A motorist is travelling down a freeway with windows open. A wasp flies in and in a panic stings the driver. The driver is severely distracted and winds up striking and killing a motorcyclist. Did the motorcyclist die due to motorcycling? Traffic accident? Wasp sting? Or by unemployment because he lost his job a few hours earlier? Maybe he wouldn't have been there at all had he instead been at his job.
Lenard Segnitz Assuming there are the same number of motorists who die the same way every year, that is accounted for by subtracting the previous years' death toll. There are more sophisticated ways of doing it, but that's not a bad one
@@eoghan.5003 And even if those newly unemployed would not die quickly, one can assume year or two is shaved off their life expectancy.
It would be nice if you could add your research in the description in your future videos :).
Assuming that since the unemployment isn't "as structural" in the case of COVID, and therefore should lead to as many deaths is faulty. Because on top of not having a job, most people (if they follow the rules in the many places) can't go to church, social groups, or even see their family. But they can still go to casinos, and liquor stores, which makes everything way way worse.

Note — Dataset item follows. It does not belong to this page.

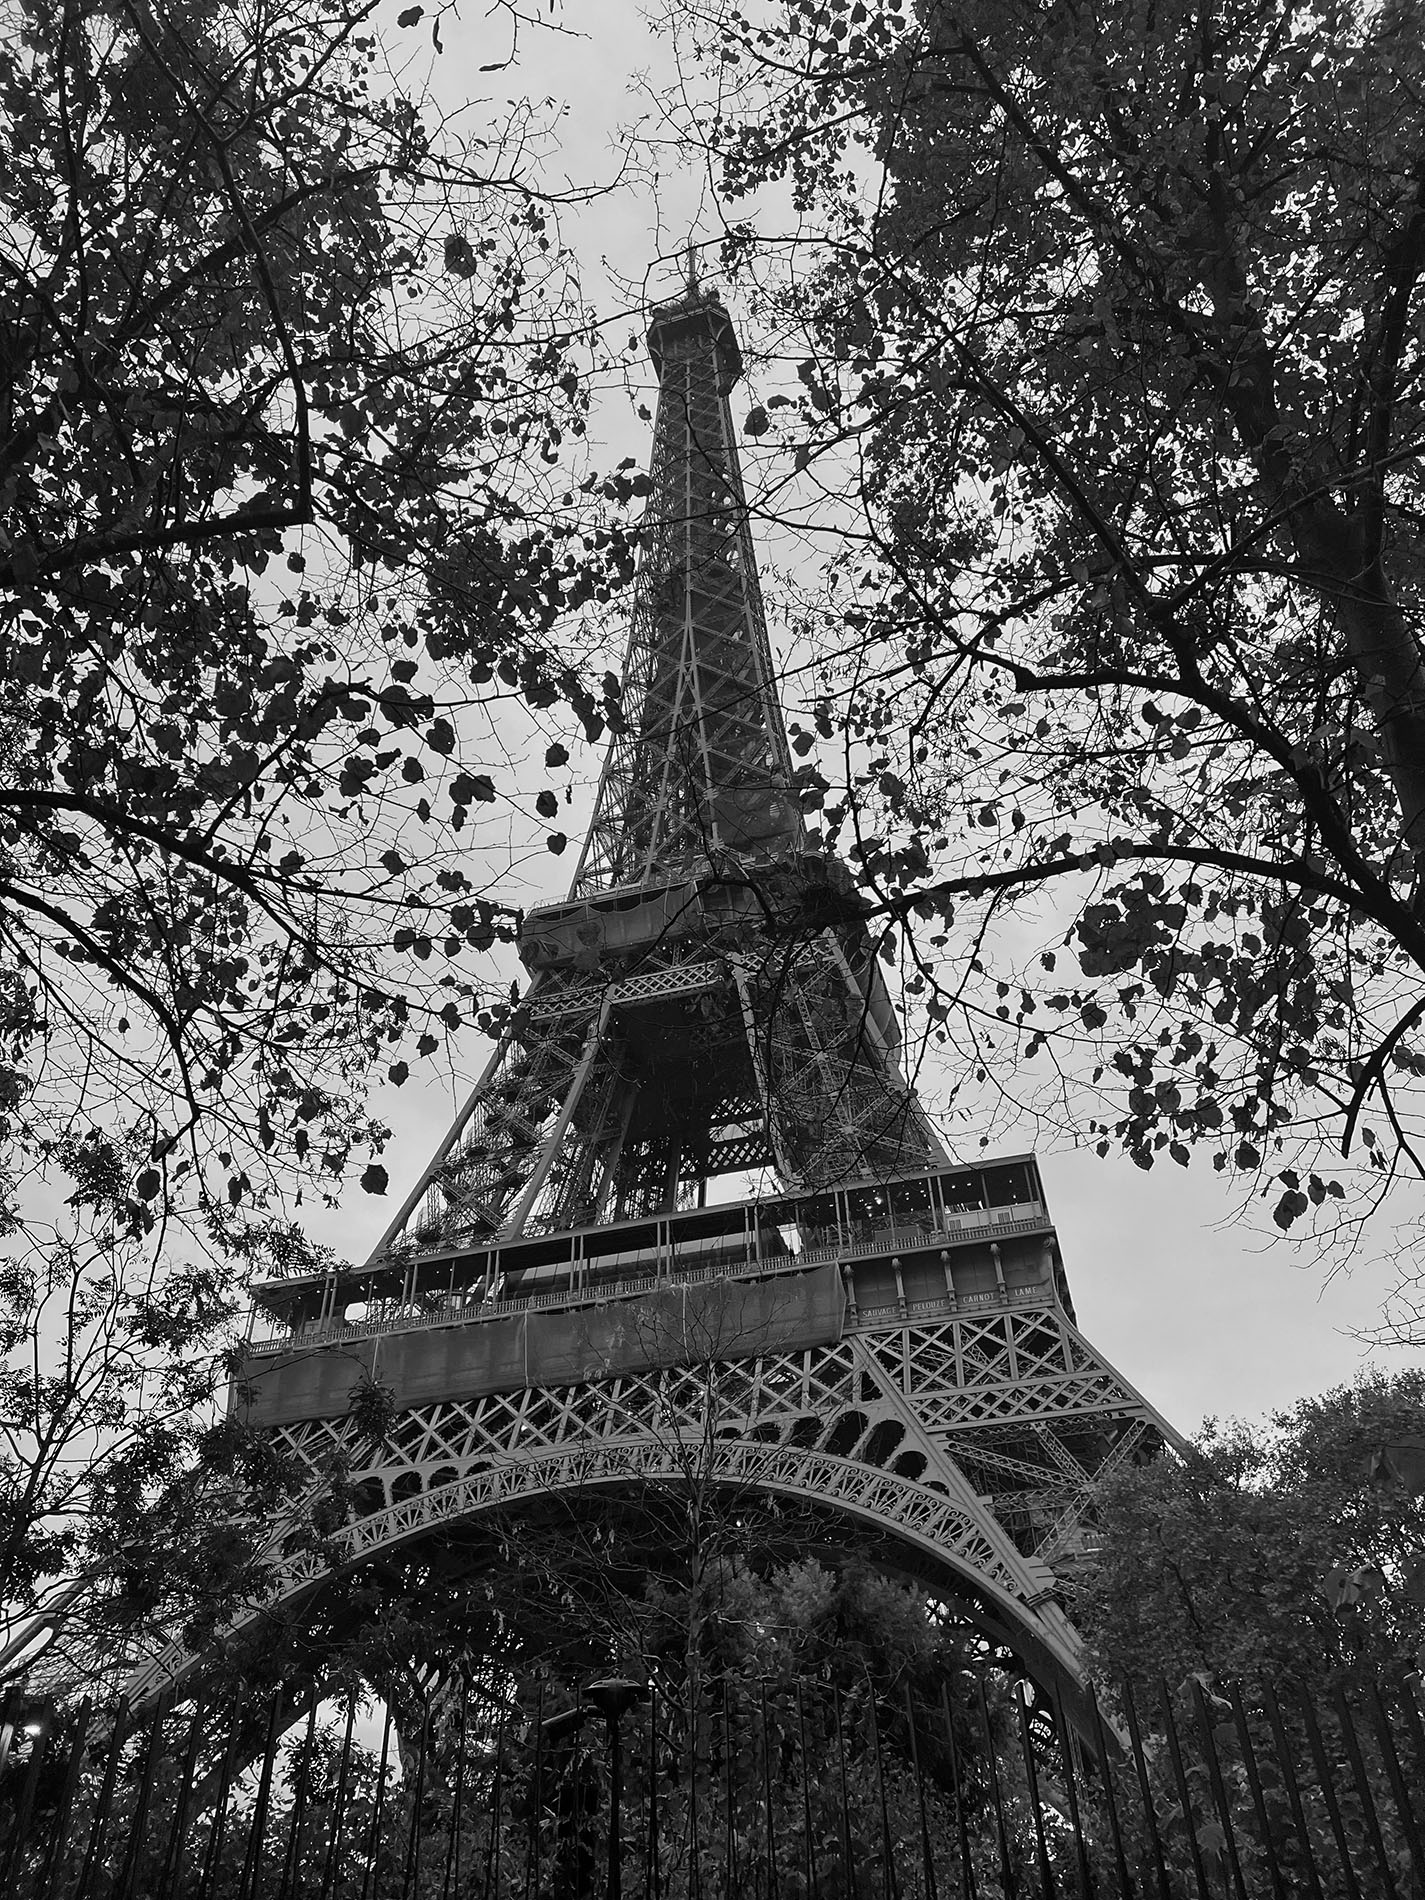 Black and white photo near the base of the Eiffel tower looking up through the trees at the top

You know if the United States had a guaranteed coverage healthcare system and better unemployment benefits then these affects can be pretty much eliminated. When trump says “more people are dying from suicide than from the coronavirus“ well if that’s so then those deaths are also preventable because if these people have access to mental health services, healthcare, and unemployment benefits, then their needs are met and their life doesn’t change much. And in the end it’s not really that we’re talking about unemployment being the cause of death for these people, but really it’s a lack of money to meet their basic needs, be it healthcare, housing, food, etc.
Keeping universal benefits to a minimum here in the US keeps people quiet. Shut up and go to work or risk losing everything. The French yellow vest thing doesn't happen here for that reason. It stops being effective when there isn't work to be had (see COVID and "George Floyd" protests).
The healthcare thing might be relevant but the unemployment is NOT a factor in the U.S. Until the end of July all people receiving unemployment in the U.S. were getting an extra $600 a week on top of what the state they should already be getting. I collected twice as much on unemployment as I got when I was working. I got a new job at the end of July and now that Trump has instituted a $400 unemployment boost (assuming it actually goes into effect) I wish I hadn't. Even though my new employer has a "mandatory overtime" policy (crazy busy online retailer) I still make considerably less working 45 hours a week than the government would be paying me to stay home. The current system is INCENTIVIZING high unemployment.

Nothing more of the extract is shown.